查找字典列表的所有排列

Question

So I have a list of dicts containing letters and their frequencies.

letter_freq = [
   {'a': 10, 'b': 7},
   {'d': 15, 'g': 8},
   {'a': 12, 'q': 2}
]

I want to find all possible combinations of these dictionaries, as well as the total of their values:

perms = {
   'ada': 37, 'adq': 27, 'aga': 30, 'agq': 20, 'bda': 34, 'bdq': 24, 'bga': 27, 'bgq': 17
}

I've looked at itertools.product() , but I don't see how to apply that to this specific use case. My intuition is that the easiest way to implement this is to make a recursive function, but I'm struggling to see how to add the values and the strings for the keys and make it all work.

Also, this list and the dicts can be of any length. Is there a simple way to do this that I haven't found yet? Thank you!

Answer 1

Solutions and Benchmark :

Yes, itertools.product works:

from itertools import product

perms = {
    ''.join(keys): sum(vals)
    for prod in product(*map(dict.items, letter_freq))
    for keys, vals in [zip(*prod)]
}

Alternatively, build the products for the keys and the values separately, so we don't have to separate them:

perms = {
    ''.join(keys): sum(vals)
    for keys, vals in zip(product(*letter_freq),
                          product(*map(dict.values, letter_freq)))
}

Or fully separate their constructions (my favorite one):

keys = map(''.join, product(*letter_freq))
vals = map(sum, product(*map(dict.values, letter_freq)))
perms = dict(zip(keys, vals))

Benchmark would be interesting, I suspect my last one will be fastest of these and also faster than Samwise's.

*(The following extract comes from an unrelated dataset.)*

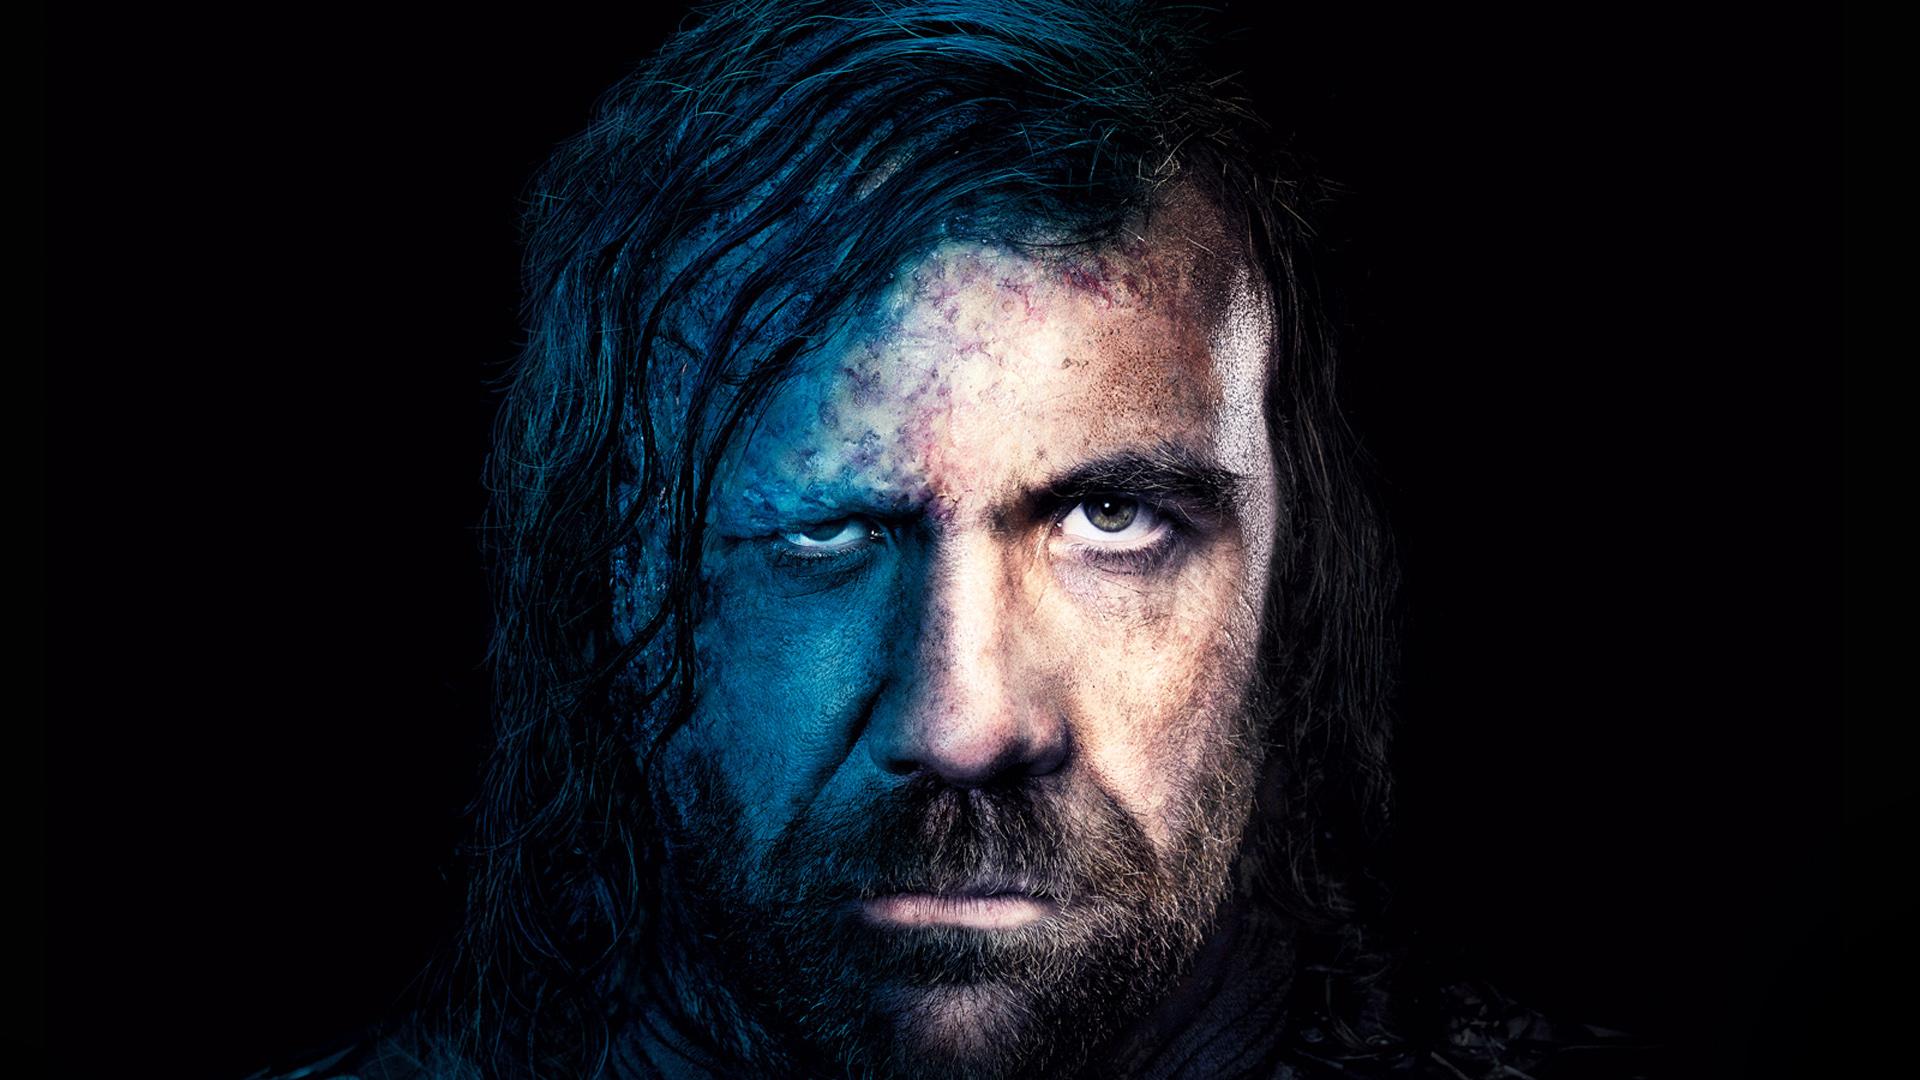 Download Game of Thrones Sandor Clegane Character HD Wallpaper Wide 1920x1080

Yet another, inspired by a glance at constantstranger's (but much faster than theirs in some initial benchmark):

items = [('', 0)]
for d in letter_freq:
    items = [(k0+k, v0+v)
             for k, v in d.items()
             for k0, v0 in items]
perms = dict(items)

Benchmark:

With your example list of dicts:

  6.6 μs  perms1
  4.5 μs  perms2
  4.1 μs  perms3
  4.0 μs  perms4
 11.0 μs  perms_Samwise
 12.7 μs  perms_constantstranger

With a list of seven dicts with four items each:

 15.5 ms  perms1
  7.6 ms  perms2
  5.5 ms  perms3
  4.8 ms  perms4
 27.2 ms  perms_Samwise
 42.2 ms  perms_constantstranger

Code ( Try it online! ):

def perms1(letter_freq):
    return {
        ''.join(keys): sum(vals)
        for prod in product(*map(dict.items, letter_freq))
        for keys, vals in [zip(*prod)]
    }

def perms2(letter_freq):
    return {
        ''.join(keys): sum(vals)
        for keys, vals in zip(product(*letter_freq),
                              product(*map(dict.values, letter_freq)))
    }

def perms3(letter_freq):
    keys = map(''.join, product(*letter_freq))
    vals = map(sum, product(*map(dict.values, letter_freq)))
    return dict(zip(keys, vals))

def perms4(letter_freq):
    items = [('', 0)]
    for d in letter_freq:
        items = [(k0+k, v0+v)
                 for k, v in d.items()
                 for k0, v0 in items]
    return dict(items)

def perms_Samwise(letter_freq):
    return {''.join(k for k, _ in p): sum(v for _, v in p) for p in itertools.product(*(d.items() for d in letter_freq))}

def perms_constantstranger(letter_freq):
    stack = [['', 0]]
    [stack.append((stack[i][0] + k, stack[i][1] + v)) for row in letter_freq if (lenStack := len(stack)) for k, v in row.items() for i in range(lenStack)]
    return dict(row for row in stack if len(row[0]) == len(letter_freq))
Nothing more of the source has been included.